Une campagne de communication de grande ampleur ne suffira donc pas à convaincre les banquiers de la City. En effet, d’autres villes sont également sur le coup. Et elles ont de solides arguments à faire valoir. Francfort et Dublin seraient les villes les mieux placées selon le média économique américain Bloomberg.

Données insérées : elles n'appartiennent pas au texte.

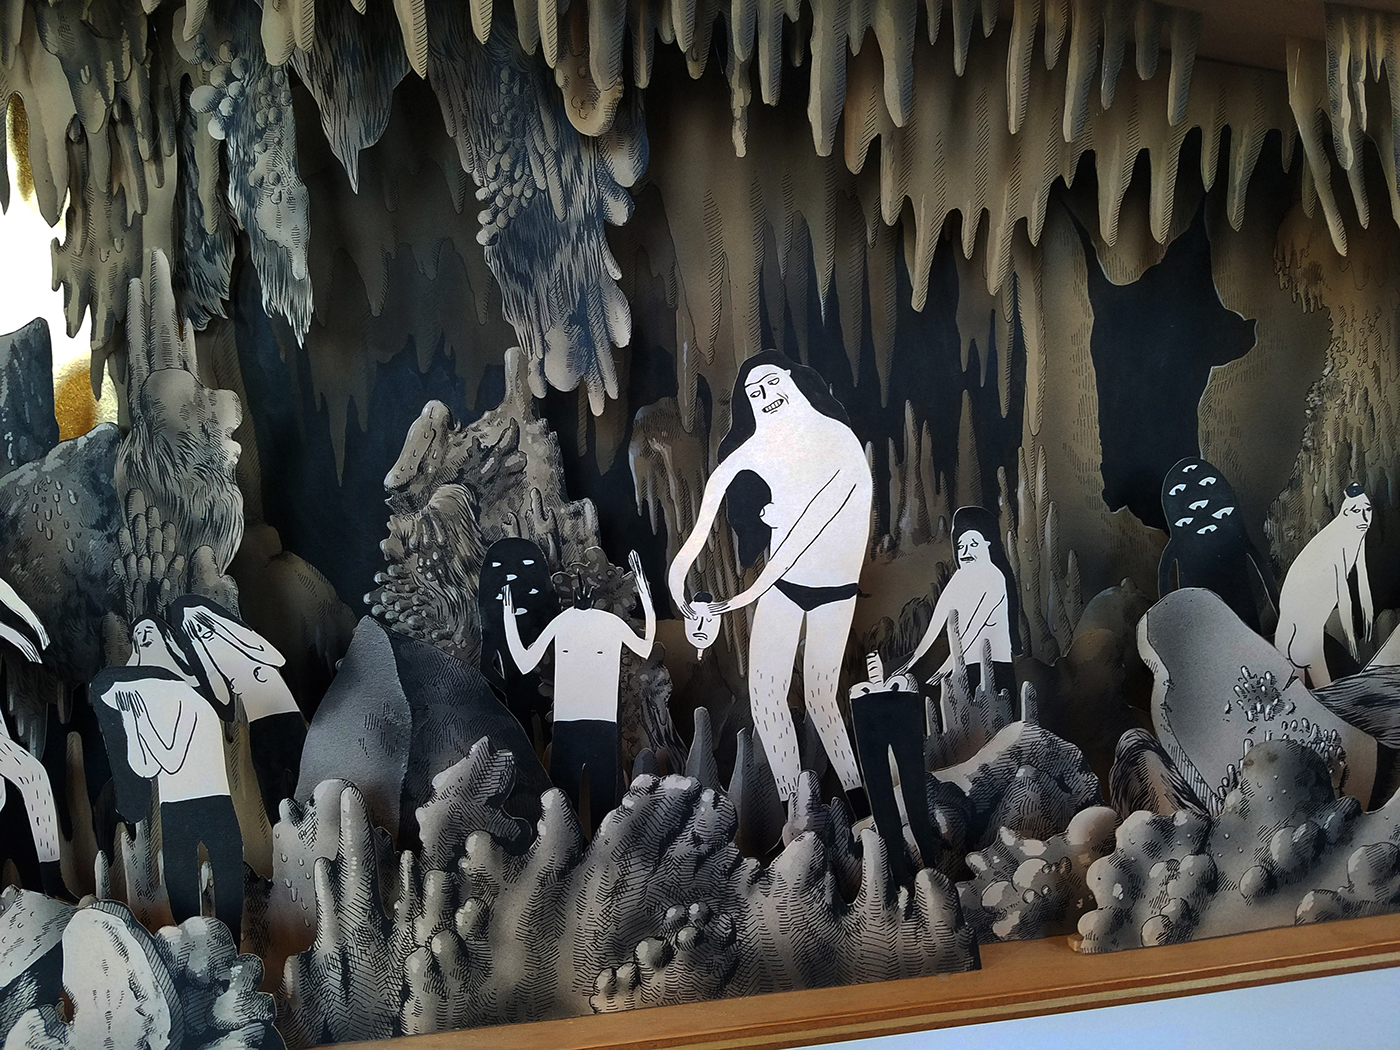 ILLUSTRATION  Drawing  painting   fantastic Diorama violence nightmare Sisters sculpture boston

>> Lire : Brexit oblige, les fintech londoniennes songent à traverser la Manche

Francfort

La ville allemande est la quatrième place financière d’Europe de l’Ouest, derrière Londres, Zurich et Luxembourg. Elle fait donc logiquement partie des favoris à la succession. Et ses membres semblent plutôt confiants sur ce point. Hubertus Väth, directeur de Frankfurt Main Finance, a lancé une campagne Twitter et un site destiné à vanter les mérites de la ville seulement deux heures après la proclamation du résultat du référendum. « Nous pensons que nous récupérerons la plus grosse partie des emplois de Londres », confie-t-il à Bloomberg. Il va même jusqu’à avancer une prédiction plutôt ambitieuse : 10 000 emplois pourraient être déplacés de Londres vers Francfort dans les cinq prochaines années.

  • Points forts

La cinquième ville la plus peuplée d’Allemagne pourra compter sur quelques atouts solides dans cette entreprise, outre le fait qu’elle est déjà considérée comme un place financière majeure : elle fait partie de la première puissance européenne au niveau économique, et donc de l’Union européenne. Investir dans un pays de l’UE est une perspective qui séduit de plus en plus les investisseurs américains et asiatiques. Francfort serait donc le choix de la sécurité pour les entreprises et les banquiers de la City.

  • Points faibles

Les seuls points négatifs relevés par Bloomberg sont la taille de la ville, trop petite pour un Londonien, et un côté provincial  « un peu ennuyeux »…

Dublin

  • Points forts

Une ville comme Dublin pourrait donc tirer son épingle du jeu. Classée juste derrière Paris au classement européen, elle a le mérite d’être une capitale, d’avoir l’anglais comme langue officielle et d’être proche de Londres géographiquement parlant. L’agglomération y est plus importante qu’à Francfort, avec 1,8 millions d’habitants, tout en restant plus petite que celle de Londres, pouvant ainsi séduire en se plaçant comme un entre-deux raisonnable. De plus, l’Irlande accueille déjà 500 entreprises financières internationales, employant 35.000 personnes. La fiscalité du pays, qui a séduit des géants de l’internet comme Facebook et Google, est un autre pouvoir d’attraction pour la capitale irlandaise. Enfin, la qualité de vie dublinoise et le montant des loyers pour les logements sont deux autres atouts majeurs.

  • Points faibles

En contrepartie, le centre de Dublin ne propose presque plus de locaux professionnels libres, ce qui fait fatalement monter le niveau des loyers. Autre inconvénient pour une société voulant s’y installer : le manque de main d’œuvres avec les compétences nécessaires pour exercer des postes à haute responsabilité.